Much Ado about PVCs

The 2015 Elections in Nigeria kicked off on Saturday (March 28) with the presidential, senatorial and House of Representatives’ polls. The Elections would continue on Sunday for areas where voting could not commence or could not be concluded. In the midst of the massive election dust, one vital item on which INEC hinged increased credibility has failed Nigerians. 

The permanent voters’ cards (PVCs) in conjunction with the card readers were supposed to help end decades of impunity in the nation’s electoral system. After years of massive rigging via multiple thumb printing, many Nigerians heaved sighs of relieve when INEC announced that it was implementing a system to thwart the evil deeds of many politicians, and help put voters where they ought to be—at the heart of the electoral system.

With PVCs at the background, promising one man-one vote, politicians embarked on massive campaigns to woo voters. The campaign handbook was revised with the notion that the PVC-card reader biometric checks would allow only duly authenticated and accredited persons to vote. Hence, voters had to be lured to support respective candidates.

As Nigerians hailed INEC’s initiative, the PDP and some other political parties raised objections to the new system, claiming that the system would disenfranchise many voters. Many Nigerians were cynical of their motive, suspecting that the real grouse was the impediment to free flowing rigging. To allay fears, INEC conducted a test-run in some states, and pledged to fix the challenges that were noticed during the test-run.

Move forward to the Election Day. The first omen of a rough day was when live on television, the Nigerian president could not be accredited using his PVC and four card readers. INEC resorted to manual accreditation for him (on self-recognition). Though some areas had no problems with the new system, reports of card readers failing to function as intended started pouring in from various parts of the country. It was noticed that the lenses of many card readers still had their protective films on them. An advisory was quickly issued for officials to remove the offending films. It helped some polling units, but the general problem continued.

At various polling units with card reader issues, officials started bypassing biometric verification, while some even ditched PVC authentication. Later, INEC issued a statement authorizing the use of manual accreditation—the very system it was trying to change. The godfathers of rigging immediately put their shenanigan capabilities into full gear.

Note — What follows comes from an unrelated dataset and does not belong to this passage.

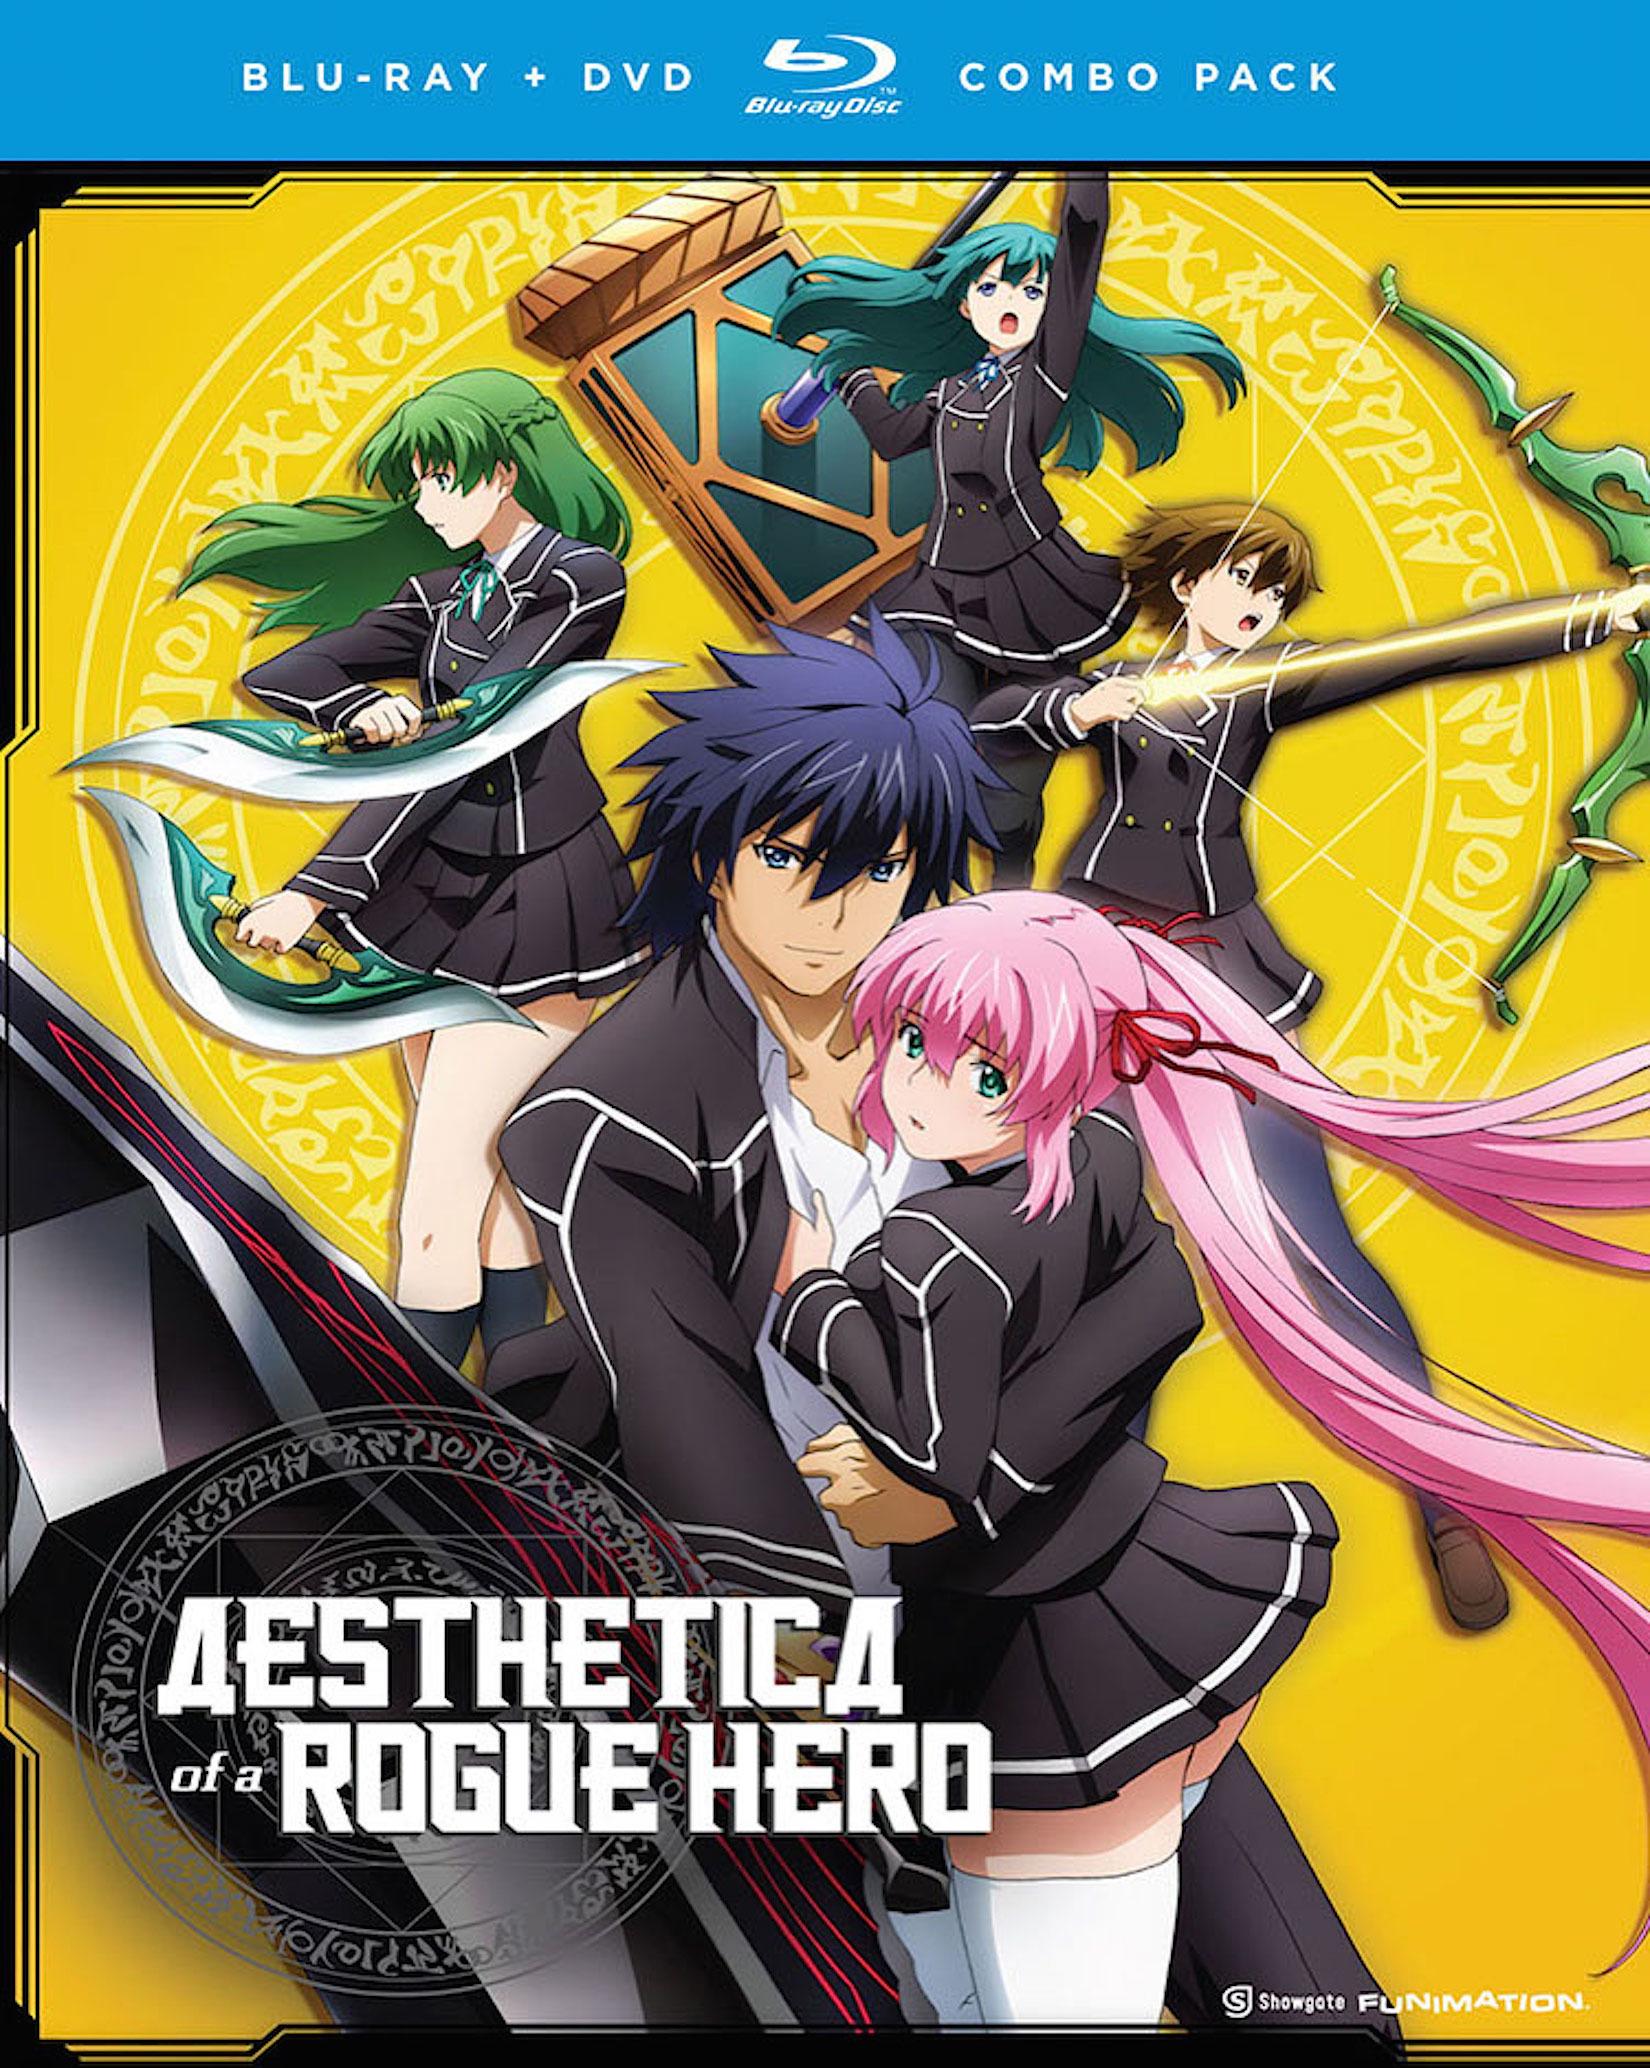 Aesthetica of a Rogue Hero

Where did INEC go wrong? Just like many Nigerian policies, the problem was not policy, but policy implementation. After spending billions of naira on the new system, Nigerians have been deprived of the benefits. I believe that INEC’s biggest mistake was the lack of a structured deployment plan. The card readers should have been tested in a large mock election. Then, the various gubernatorial elections that held last year could have been used for real life testing of the system. Each test would have provided challenges to be solved during the next test. This way, most challenges would have been resolved before this year’s general polls.

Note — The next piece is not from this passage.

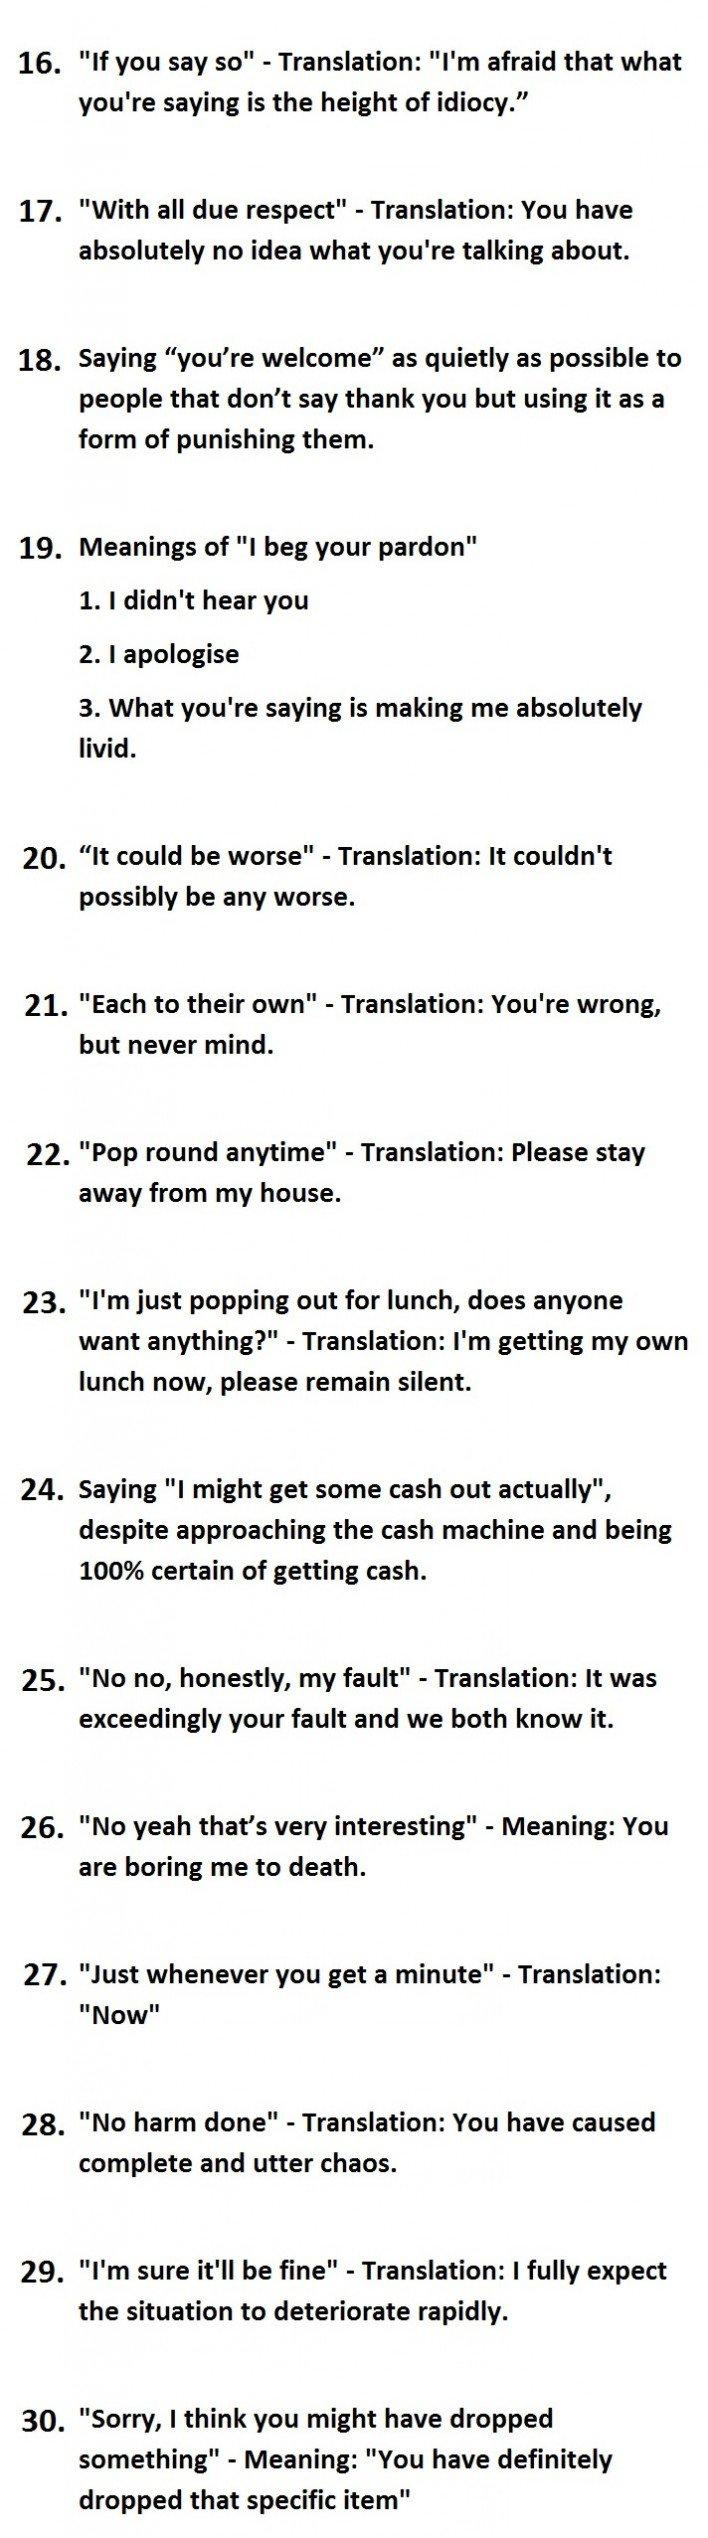 The Great British hidden language  Englis11

The statements above are just conjectures. I do not know whether INEC had enough funds to have facilitated an earlier deployment of PVCs and card readers in last year’s elections. However, INEC’s chairman, Professor Attahiru Jega’s oft-repeated claim that INEC was prepared for the elections, is a noose round his neck. This fiasco does not show much preparedness, though I must be fair in saying that INEC tried.

The evil-stopping PVC-card reader system has failed in its debut. Nonetheless, just as any sports’ fan knows, a bad debut does not mean a bad career. Can INEC fix these problems within the two weeks before the next set of polls? Time would tell, though I seriously doubt it. However, we can be assured that our democracy is deepening. Rigging may last for a night, but clean polls would come in the morning. Soon, Nigeria would get to Planet Clean Polls.